Le régime européen des indications géographiques connaît une évolution majeure avec l’entrée en vigueur du règlement (UE) 2023/2411, qui étend, pour la première fois, la protection des indications géographiques aux produits artisanaux et industriels. Jusqu’alors réservé aux produits agricoles et agroalimentaires, ce dispositif offre désormais aux artisans un véritable outil de protection de leurs savoir-faire et de valorisation de leur ancrage territorial.
Une première illustration concrète de cette réforme est intervenue le 26 juin 2026, avec la publication au Journal officiel et au BOPI / Indications géographiques de deux avis annonçant l’ouverture de la procédure nationale d’opposition concernant les demandes d’enregistrement de l’Espadrille catalane et du Santon de Provence.
- Un contrôle en deux temps : les rôles de l’INPI et de l’EUIPO
Conformément au règlement européen et à la décision du directeur général de l’INPI du 9 avril 2026, chaque demande est soumise à une procédure nationale d’opposition de deux mois. Durant cette période, toute personne justifiant d’un intérêt légitime peut consulter le cahier des charges et formuler une opposition motivée.
Cette phase constitue un filtre essentiel avant l’examen européen.
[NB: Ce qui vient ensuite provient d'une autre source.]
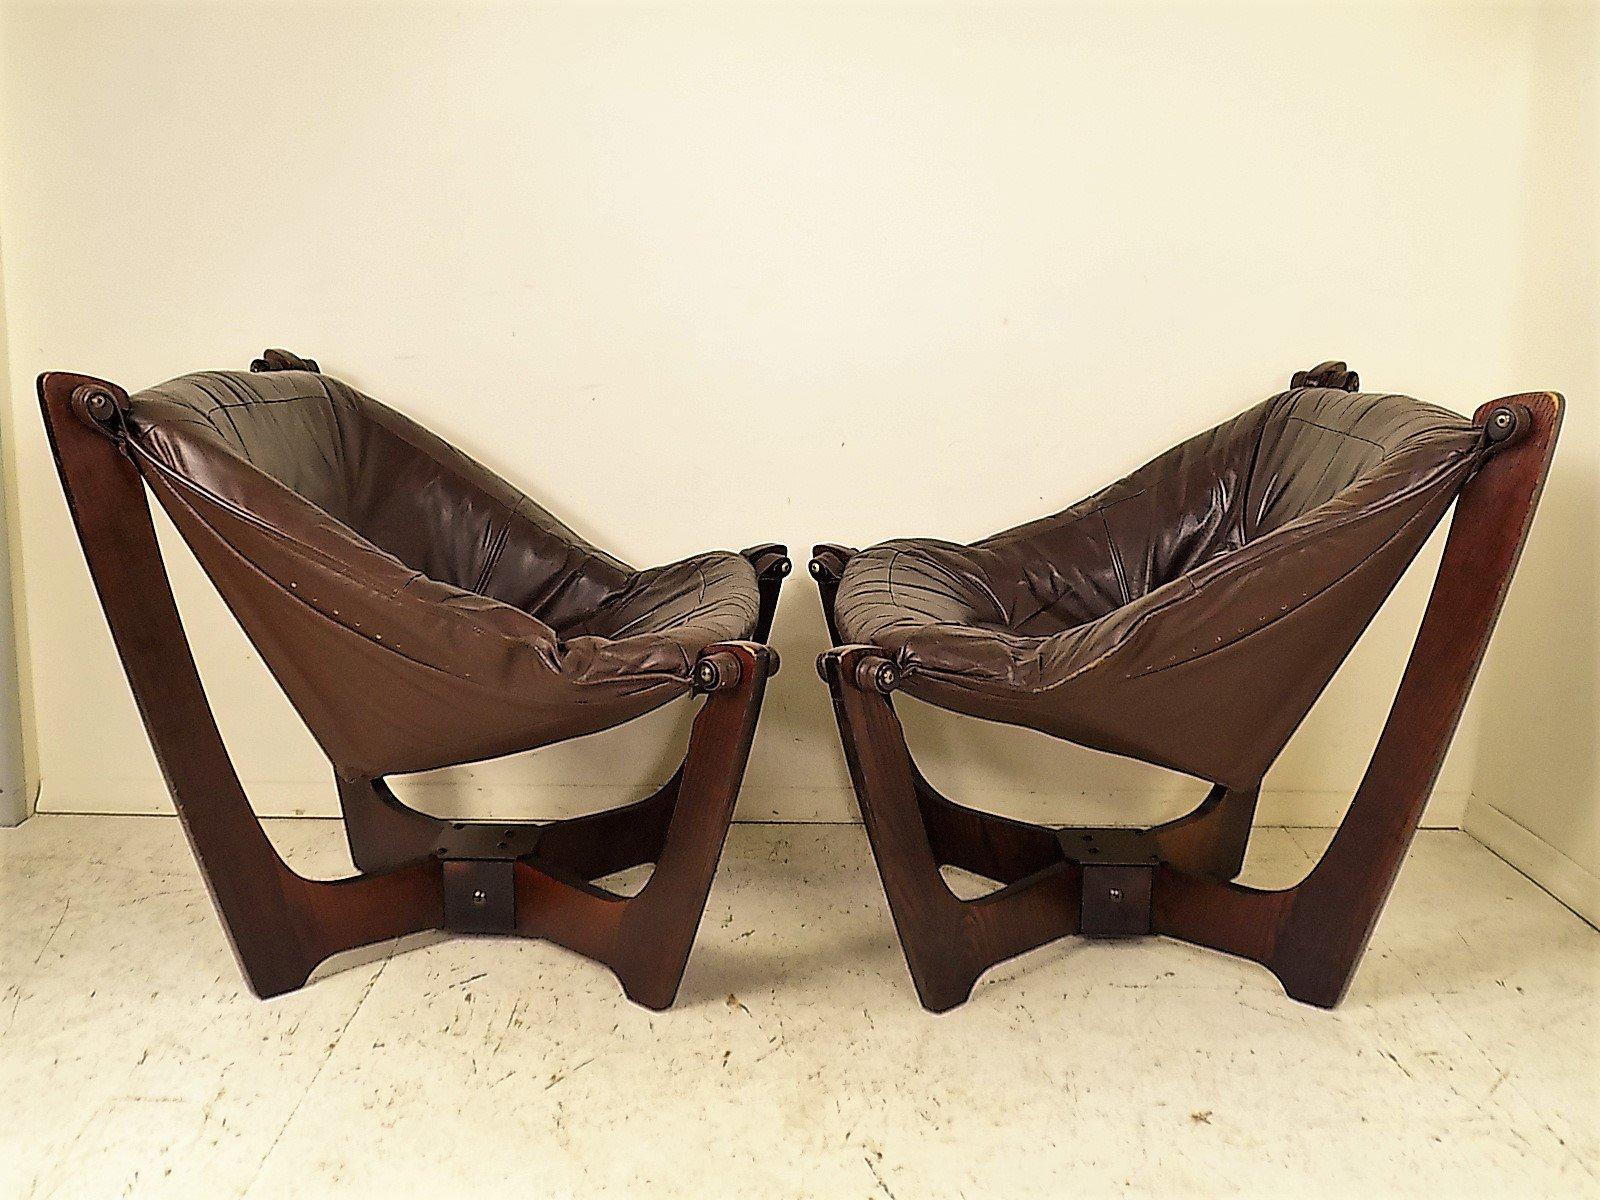 Odd Chairs Vintage Luna Lounge Chairsodd Knutsen For Hjellegjerde Set Of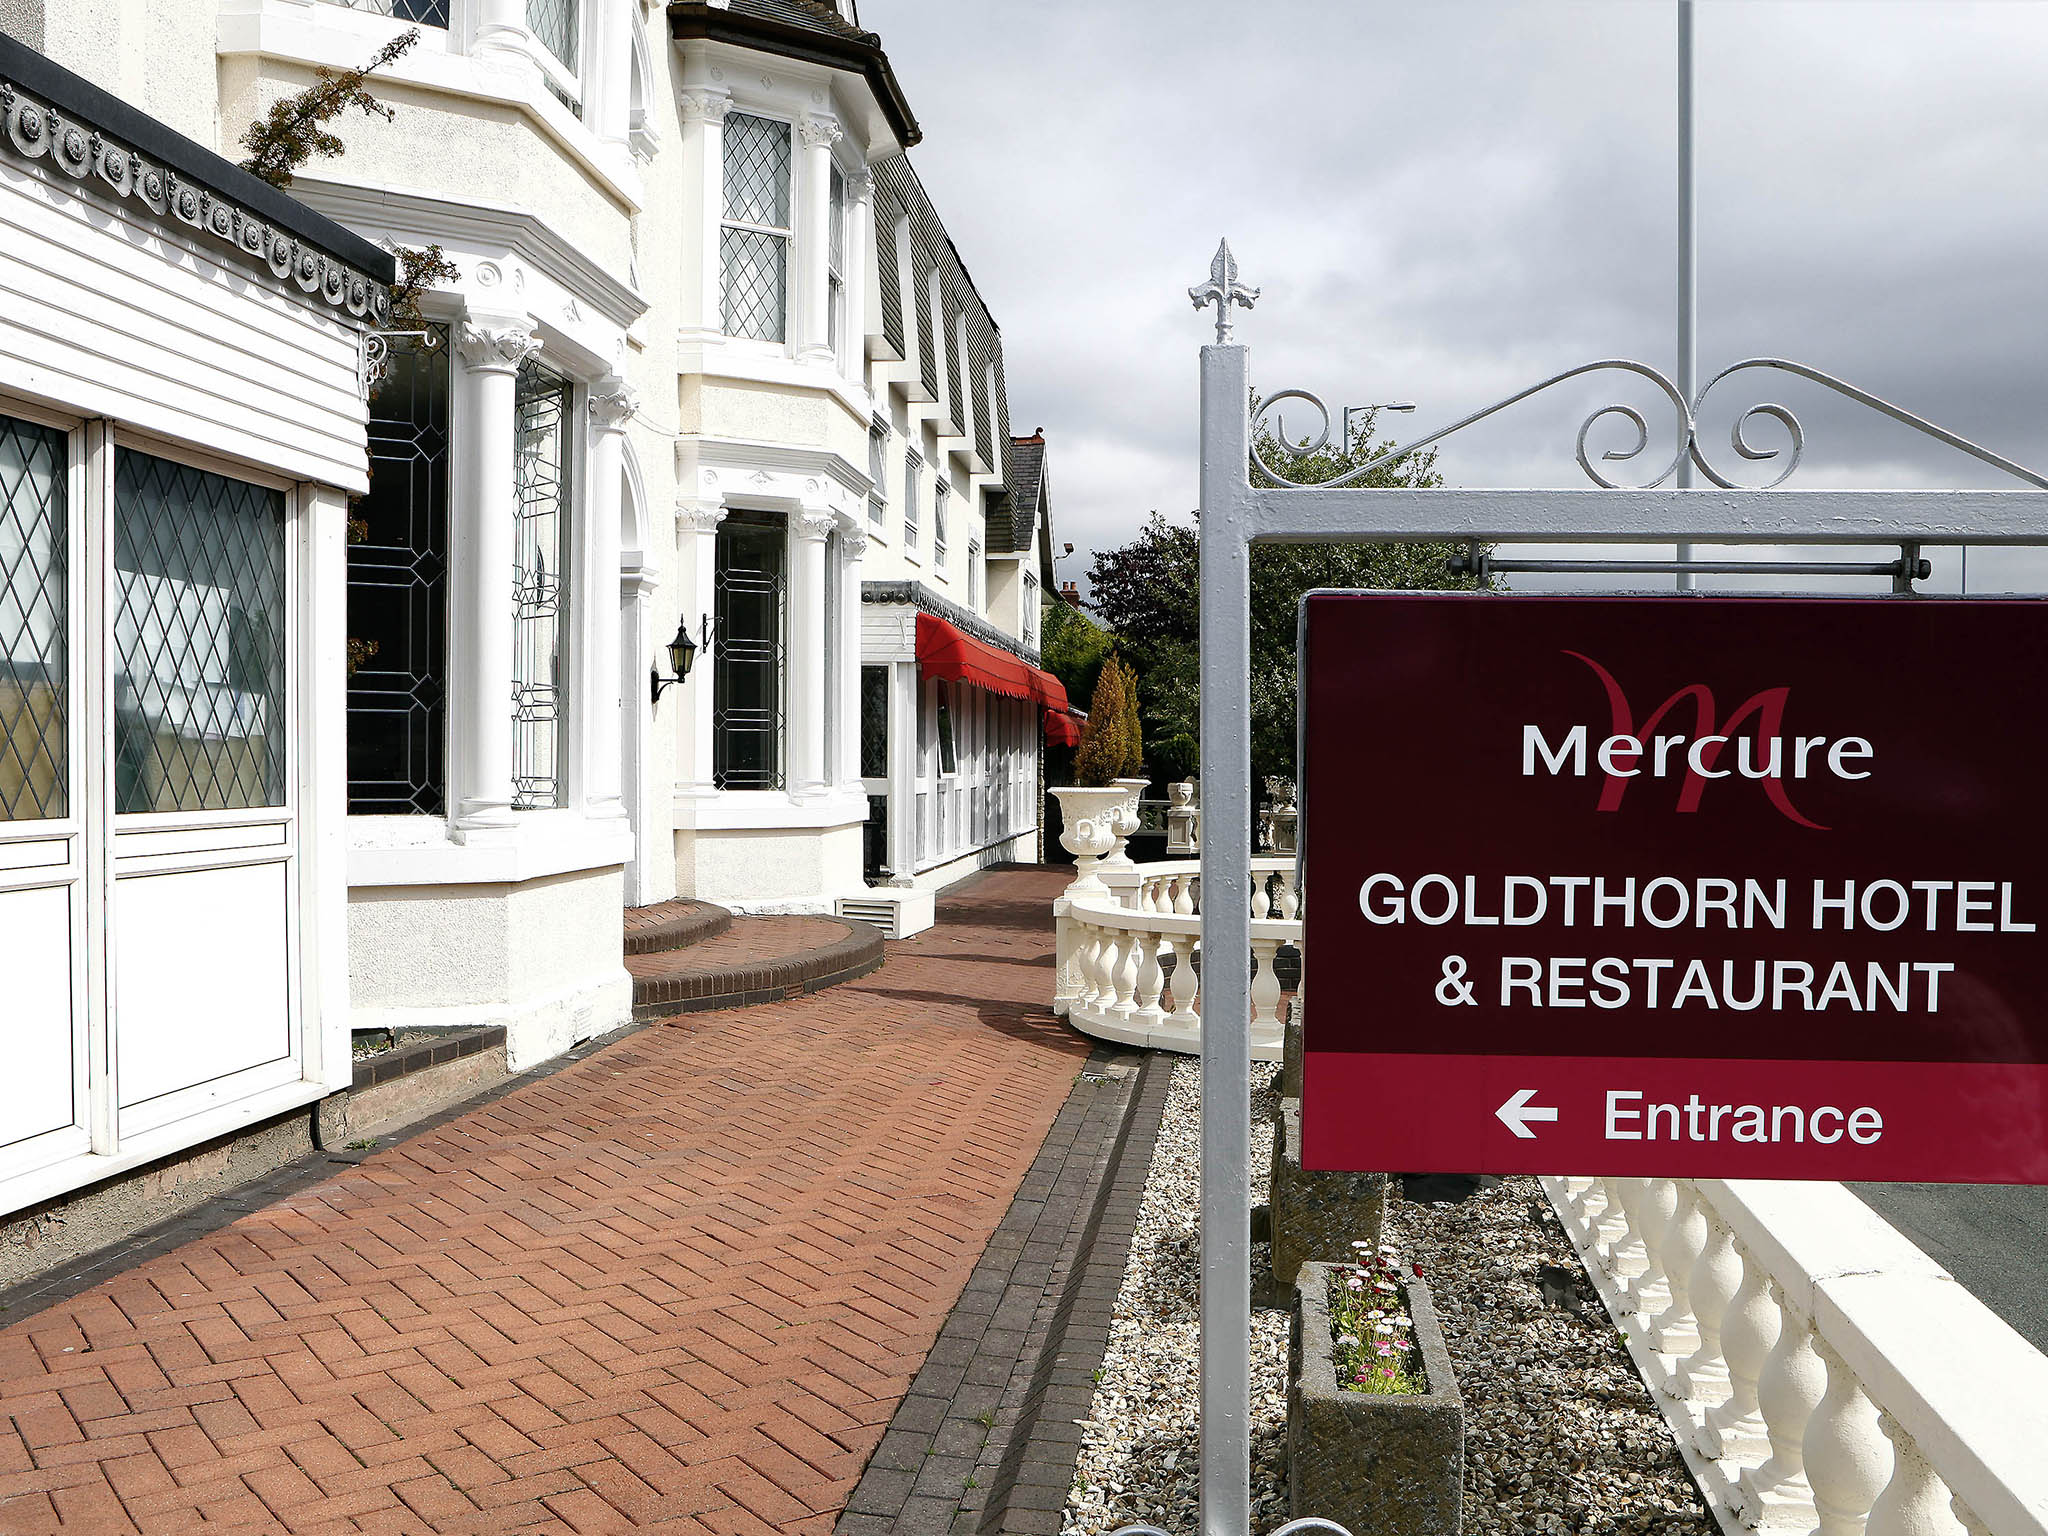 Otel – Mercure Wolverhampton Goldthorn Hotel

L’INPI exerce désormais un rôle inédit en assurant l’instruction nationale des demandes en vérifiant notamment :
- La représentativité du groupement demandeur ;
- La conformité du cahier des charges aux exigences européennes ;
- La délimitation de l’aire géographique concernée ;
- L’existence d’un lien réel entre le produit, son savoir-faire et son territoire d’origine.
Une fois cette étape franchie, le dossier est transmis à l’EUIPO qui conduit l’examen européen avant de statuer sur l’enregistrement définitif.
- Les enjeux d’une telle reconnaissance à l’échelle européenne
Au-delà d’une simple reconnaissance symbolique, l’obtention d’une indication géographique permettra aux producteurs concernés de réserver l’usage de la dénomination aux seuls opérateurs respectant le cahier des charges.
Elle constituera également un levier efficace pour lutter contre les usurpations, les imitations et les pratiques de concurrence déloyale au sein du marché européen.
Ces deux candidatures illustrent ainsi les premières applications concrètes du nouveau régime européen des indications géographiques des produits artisanaux et industriels, appelé à devenir un instrument majeur de protection du patrimoine économique, culturel et artisanal des territoires.